Data compression and zero suppression

Data compression and zero suppression is currently handled by functions in lardata's RawData package, in raw.cxx. The 35t detector simulation SimWireDUNE35t passes the raw adc vectors of shorts along with user-set fcl parameters to raw::Compress, an overloaded function that selects the method of data compression.

Compress function

The compress function accepts the raw adc vector along with the type of data compression requested, which can be zero suppression, Huffman coding, a combination of both (i.e. zero suppression followed by Huffman coding), or none, in which case the function returns the original adc vector. Compressed data can be uncompressed by the "Uncompress" function, which applies the appropriate decompressing routine to return the original adc vector. If zero suppression has been applied, the decompressed vector's entries below threshold will be filled by the pedestal value.

Zero suppression

The zero suppression algorithm scans over the raw adc vector of floats for values differing from the pedestal values specified by the pedestal parameter by an absolute value above the threshold specified by the parameter zerothreshold. Values differing from the pedestal by the threshold are saved in blocks where each block is preceded or followed by at least a number of values below threshold defined by the nearestneighbor parameter. Neighboring blocks are merged and the beginning and ending of the vectors are accounted for. The zero suppression can also save blocks on neighboring channels happening in parallel to the blocks around the signal values, up to a number of channels specified by the NeighboringChannels parameter in detsimmodules_dune.fcl; setting this to zero disables this functionality. The nearest neighboring channel zero suppression is performed by passing a circular buffer of adc vectors on either side of the primary adc vector being zero suppressed and checking if any values in the entire buffer for each time index are above threshold.

The boolean parameter fADCStickyCodeFeature determines if the zero suppression will take into account the 35t's adc sticky code hardware bug which causes adc values' 6 least significant bits to "stick" at 000000 or 111111 with some probability. If the parameter is set to true, the zero suppression will treat any adc value ending in 000000 or 111111 (in binary) as the equivalent of falling below threshold.

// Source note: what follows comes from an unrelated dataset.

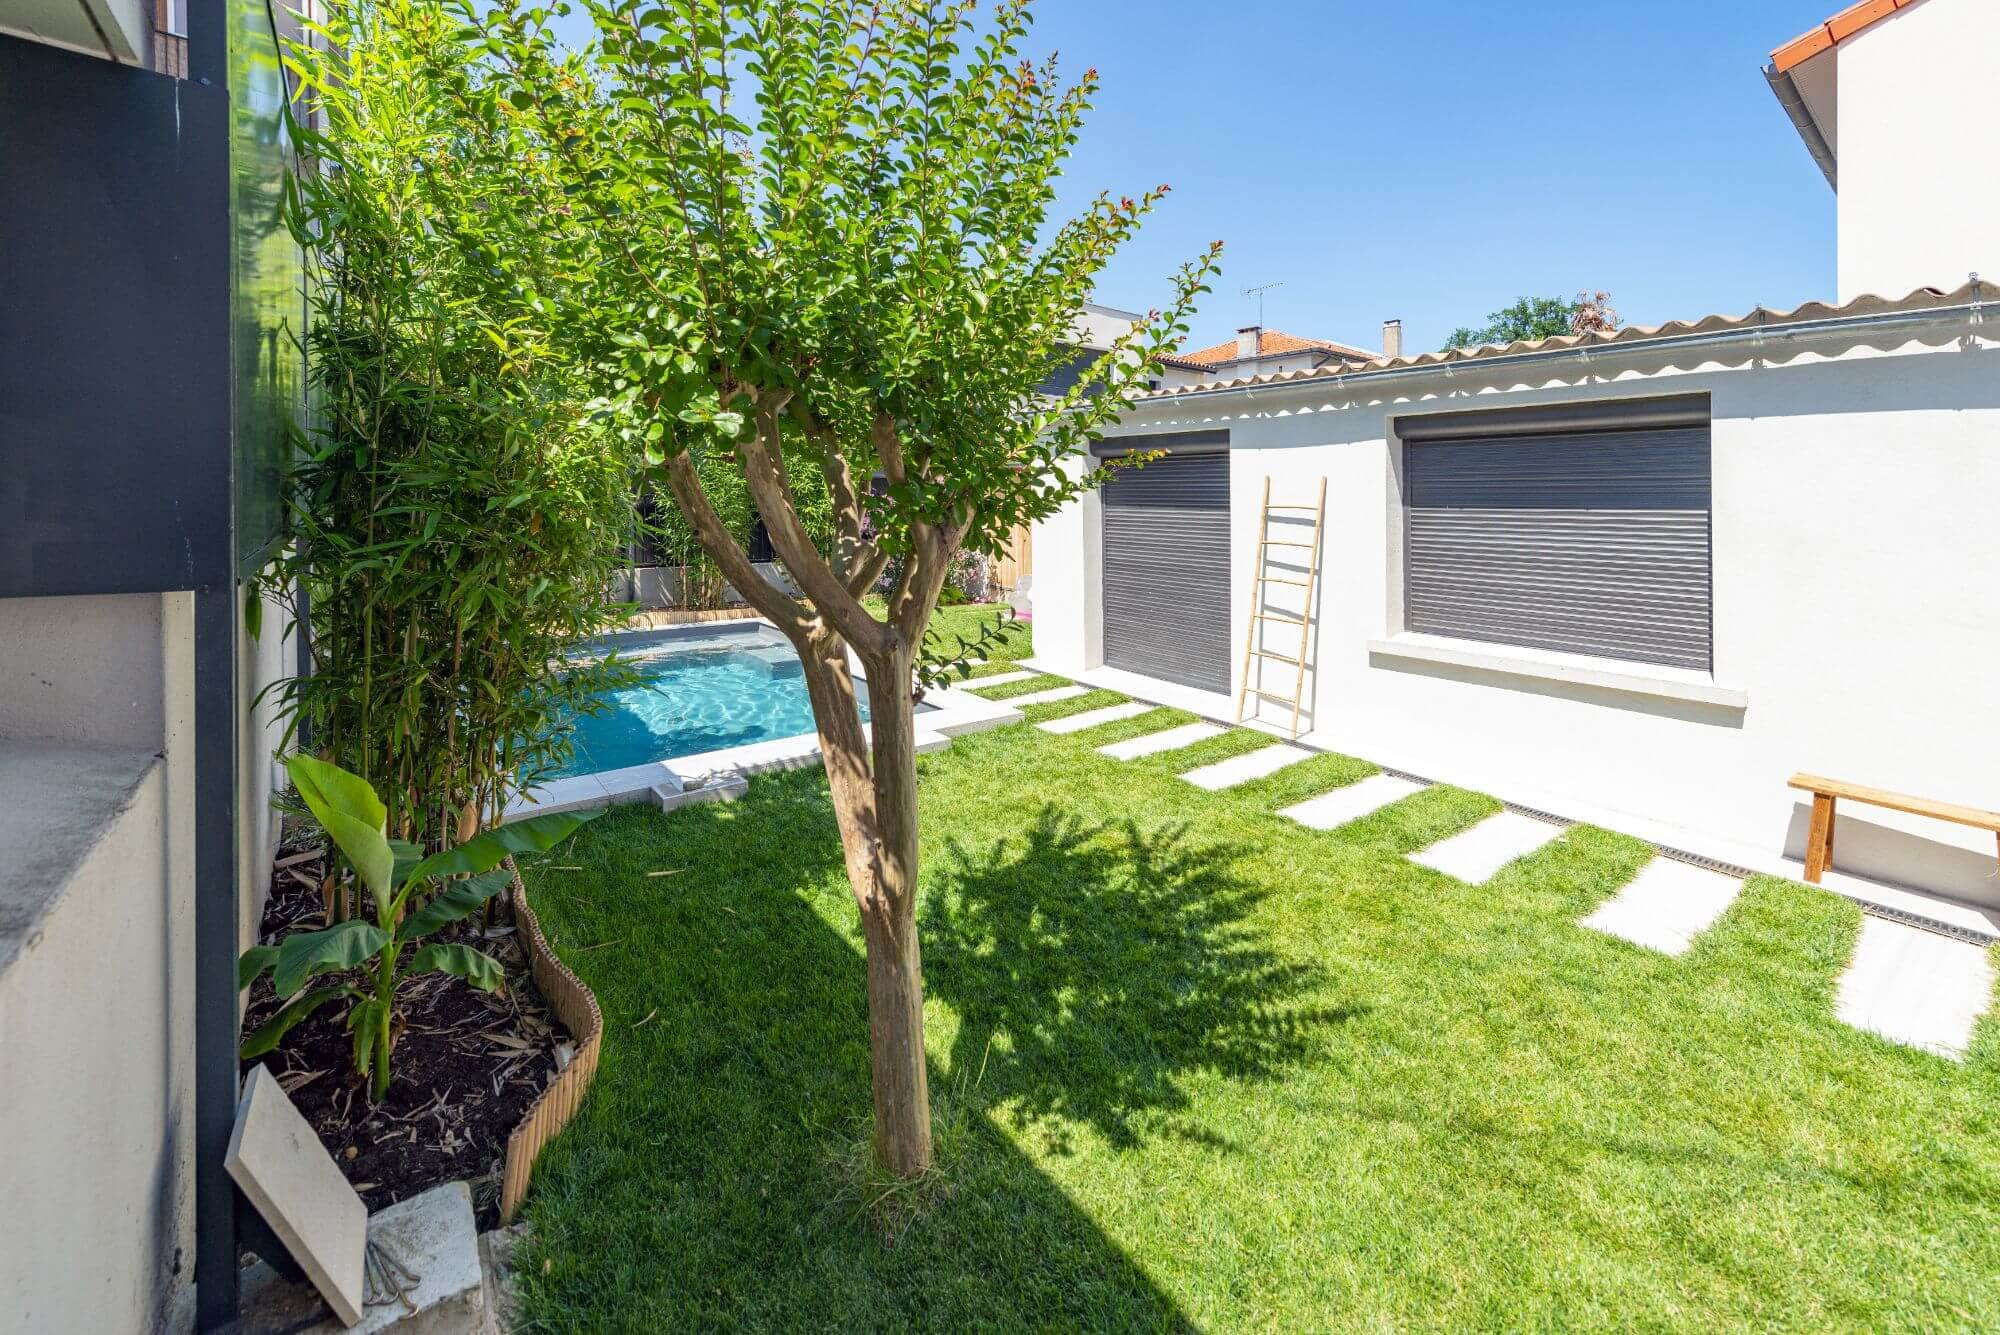 Jardin, Piscine, herbe, pelouse
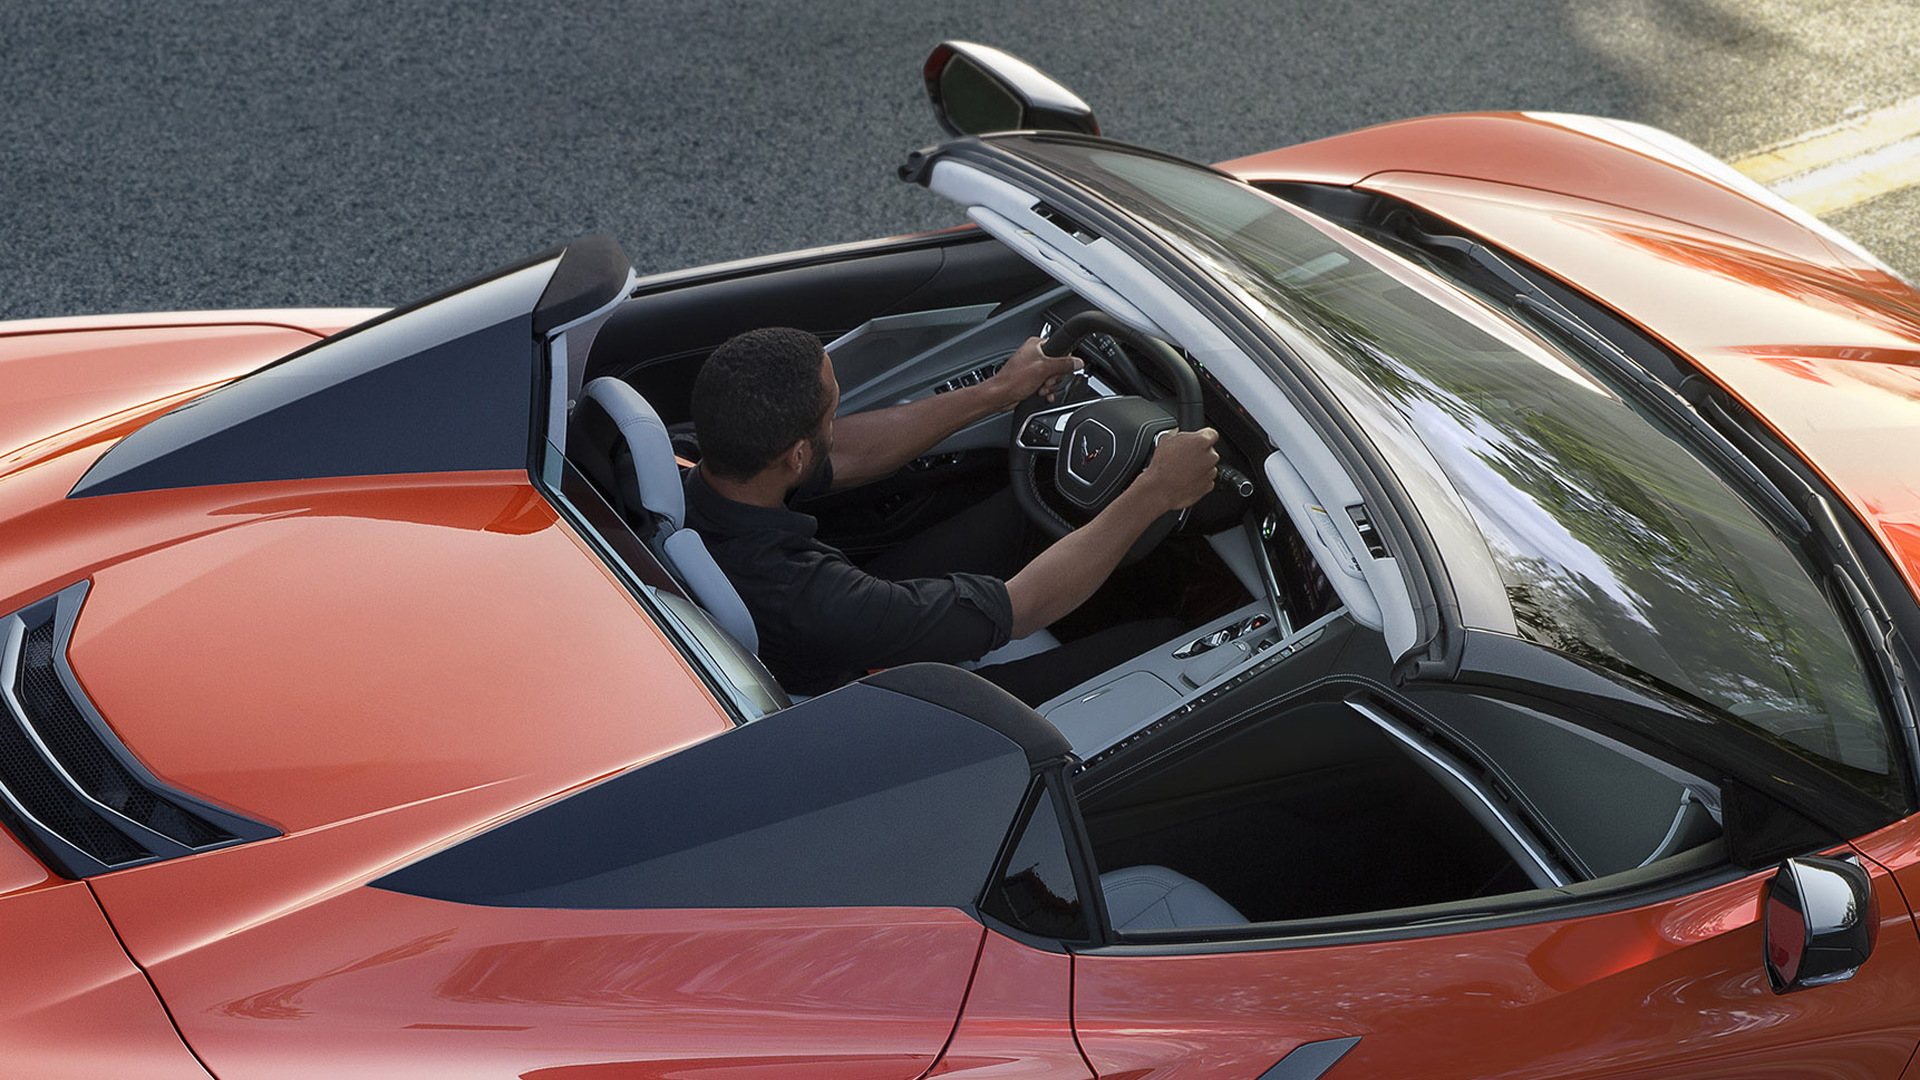 Chevrolet Corvette hard-top convertible revealed

Zero suppressed data coding format

The zero suppressed adc vectors are arranged as follows:

  • First entry is the total number of entries in original adc vector
  • Second entry is the number of blocks of saved values above threshold (and some number of values before and after, determined by nearestneighbor parameter)
  • Original index of each block's first value
  • Total length of each block
  • Contents of each block

Huffman coding

The Huffman coding scheme is based on differences between adc values in adjacent time bins. Huffman coding was developed for MicroBooNE and is not used for most DUNE studies. The coding scheme is:

  • No change for 4 ticks -> 1
  • No change for 1 tick -> 01
  • +1 change -> 001
  • -1 change -> 0001
  • +2 change -> 00001
  • -2 change -> 000001
  • +3 change -> 0000001
  • -3 change -> 00000001
  • Absolute value of change > 3 -> write actual raw value to short

The 15th bit of each short is used to set whether a block is encoded or is a raw value, where 1 is Huffman coded and 0 is raw. The lowest bits of each word are padded out with zeros.

Online zero suppression

The 35-ton DAQ include ZS (zero suppression) to allow the possibility of continuous running. Here is a description of the algorithm used there.

See also the talk by JJ Russell at the September 2015 DUNE collaboration meeting. One change from that talk is that the algorithm is now based on running sums of the signals preceding a bin rather than on the value in the bin itself. There are new parameters specifying the number of ticks in the sum and a noise threshold on the tick signals contributing to each sum.

35-ton ZS algorithm

The online algorithm has seven parameters:
  • NS - Number of ticks included in the running sum
  • NL - Front porch for the signal
  • ND - Size of the dead band
  • NT - Back porch for the signal
  • TS - Threshold for the ADC count in a bin to be included in the running sum
  • TL - Threshold for declaring the start of a signal
  • TD - Threshold for declaring a channel is in the dead band

The algorithm processes each channel independently, sequentially processing the array of 12-bit ADC values in temporal order. For each tick, a running sum RS is evaluated over the preceding NS channels. The sum includes a channel count NRS and the ADC sum ARS. Channels with bit patterns indicating a stuck bit (LS six bits 000000 or 111111) are excluded from both the count and the ADC sum. Channels with signal at or below TS are included in the sum but excluded from the ADC sum.

Ticks remain outside a signal region until their the running sum crosses above threshold, specifically until

ARS(i) > NRS(i)*TL

The tick i where this condition is met is called ISTART.
Ticks are then considered to be in the signal region until they fall below the dead threshold

ARS(i) <= NRS(i)*TD

for ND consecutive ticks. The tick i where that condition is met is called ISTOP. The subsequent tick is outside the signal region and the search for the next signal begins.

ADC signals are retained for NL ticks preceding ISTART and NT after ISTOP, i.e. for [ISTART-NL, ISTOP+NT]. Signals that fall outside all such ranges are suppressed.